Loeb had his first solo show in 1999 at the Mary Boone Gallery. He is now represented by Acquavella Galleries in New York and has had international solo and group shows at galleries and museums, including White Cube in London, Jablonka Galerie in Cologne, the Kunsthalle in Hamburg, and a 2006 retrospective at the Aldrich Museum of Contemporary Art in Connecticut. His work has consistently explored the dialogue of narrative tropes in an image soaked contemporary environment. Early works used found imagery collaged to create new contexts from photojournalism and advertising. Successive shows moved on to use and explore cinematic stills as the source of a visual collective consciousness. Having taught himself photography in recent years, his latest body of work takes the dialogue to the next step by incorporating the vocabulary of cinematography and the expediency of his original photographs as inspiration for the new paintings.

http://www.ArtistLink.com

Enoc Perez

Born in San Juan in 1967, Enoc Perez first took painting lessons at the age of eight. As the son of an art critic, he spent family vacations traveling to museums in different countries and learning about the history of art. In 1986, Perez moved to New York to study painting at the Pratt Institute before earning his master’s degree at Hunter College. Finding himself at odds with the program at Hunter, where students and faculty criticized his paintings as overly seductive and decorative, Perez maintained his belief in the importance of the aesthetics and pleasure in art. Embracing art’s potential for pleasure and beauty, Perez paints sensuous nudes, still lifes, tropical resorts, and modern architectural icons in a sleek aesthetic with dazzling, vibrant colors.
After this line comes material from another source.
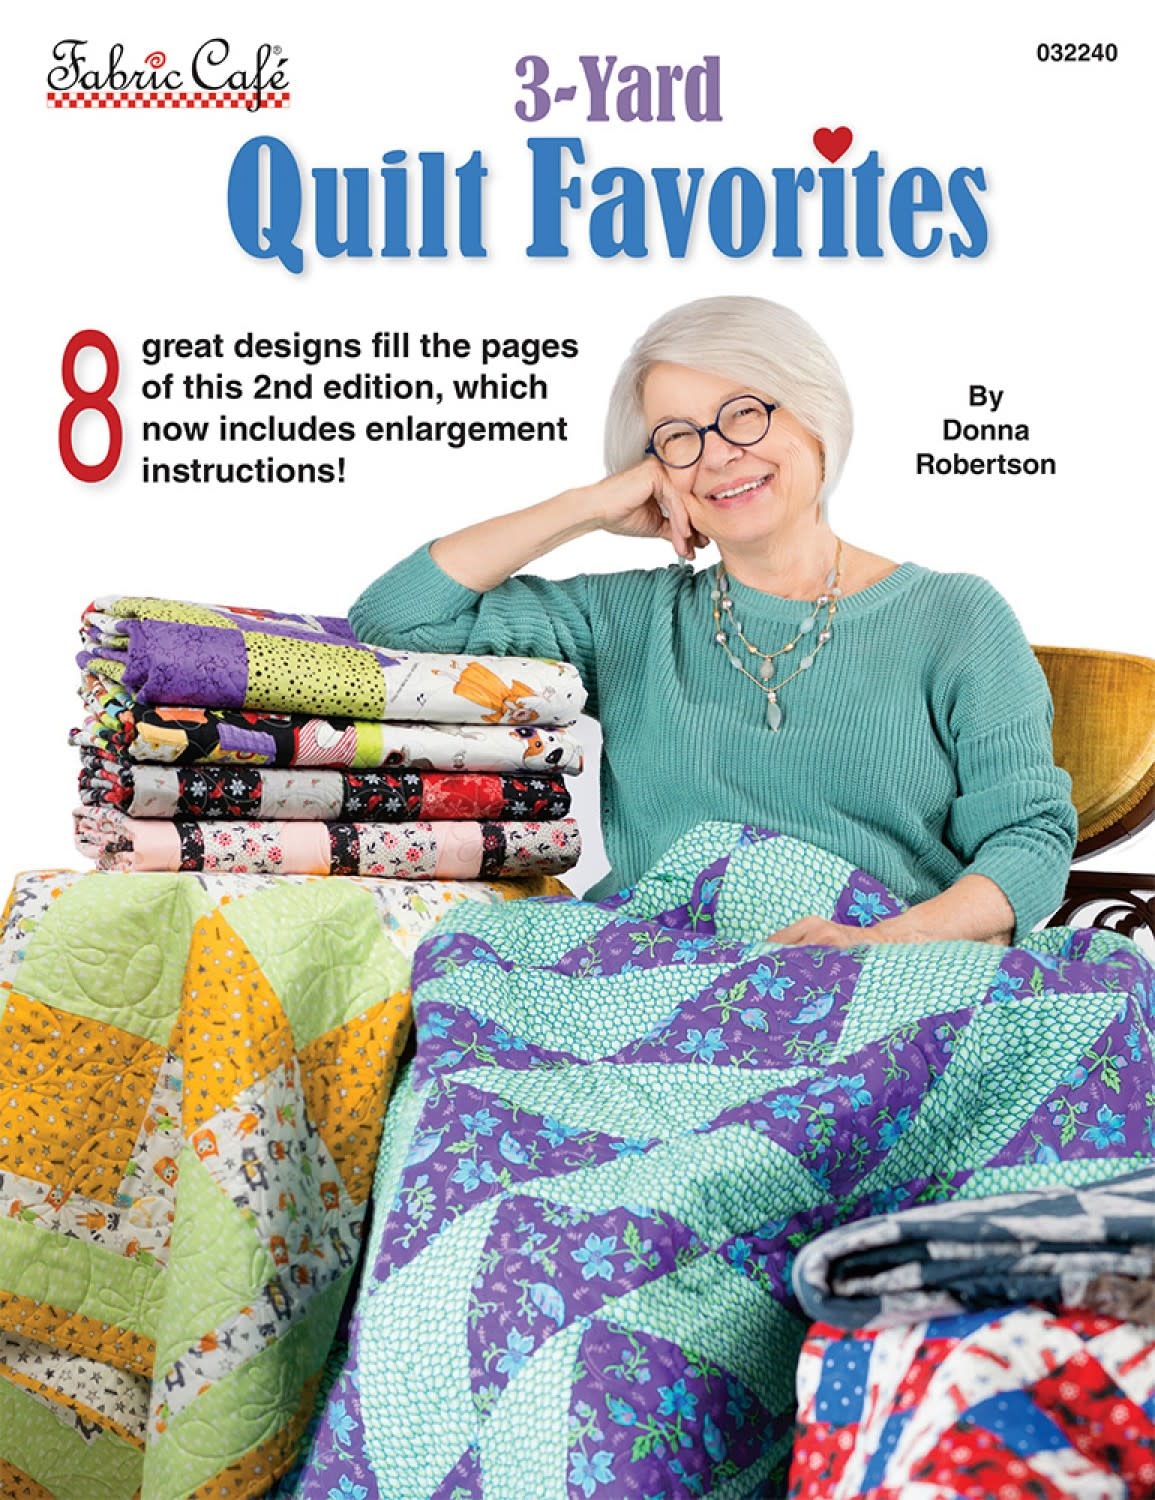 Fabric Cafe 3-Yard Quilt Favorites

Perez is best known for his paintings of modernist buildings that nostalgically capture the utopian ambitions and optimism that inspired their construction.

http://www.ArtistLink.com

Alexis Rockman

Born in 1962 in New York, where he lives and works, Alexis Rockman has depicted a darkly surreal vision of the collision between civilization and nature – often apocalyptic scenarios on a monumental scale — for over three decades. Recent notable museum solo exhibitions include “Alexis Rockman: Manifest Destiny” at the Brooklyn Museum, in 2004, which traveled to several institutions including the Rhode Island School of Design and the Wexner Center. The Smithsonian American Art Museum organized “Alexis Rockman: A Fable for Tomorrow,” a major touring survey of his paintings and works on paper in 2010. Concurrent with Rockman’s exhibition at Sperone Westwater in 2013, the Drawing Center featured “Drawings from Life of Pi.” The artist had collaborated with director Ang Lee on the prize-winning film “Life of Pi,” preparing conceptual sketches of a dreamlike journey into the depths of the ocean to serve as visual inspiration. Rockman’s work is represented in many museum collections, including the Brooklyn Museum; Baltimore Museum of Art; Solomon R. Guggenheim Museum; Los Angeles County Museum of Art; Museum of Fine Arts, Boston; New Orleans Museum of Art; Smithsonian American Art Museum; and Whitney Museum of American Art.

http://www.ArtistLink.com

 

Bosco Sodi

Bosco Sodi (b. 1970, Mexico City) is known for his richly textured, vividly colored large-scale paintings. Sodi has discovered an emotive power within the essential crudeness of the materials that he uses to execute his paintings. Focusing on material exploration, the creative gesture, and the spiritual connection between the artist and his work, Sodi seeks to transcend conceptual barriers. Sodi leaves many of his paintings untitled, with the intention of removing any predisposition or connection beyond the work’s immediate existence. The work itself becomes a memory and a relic symbolic of the artist’s conversation with the raw material that brought the painting into creation. Sodi’s influences range from l’art informel, looking to artists such as Antoni Tàpies and Jean Dubuffet, to master colorists such as Willem de Kooning, Mark Rothko, and the bright hues of his native heritage.

http://www.ArtistLink.com

 

 

 

 

"The figure is nothing unless you can twist it around like a strange miracle."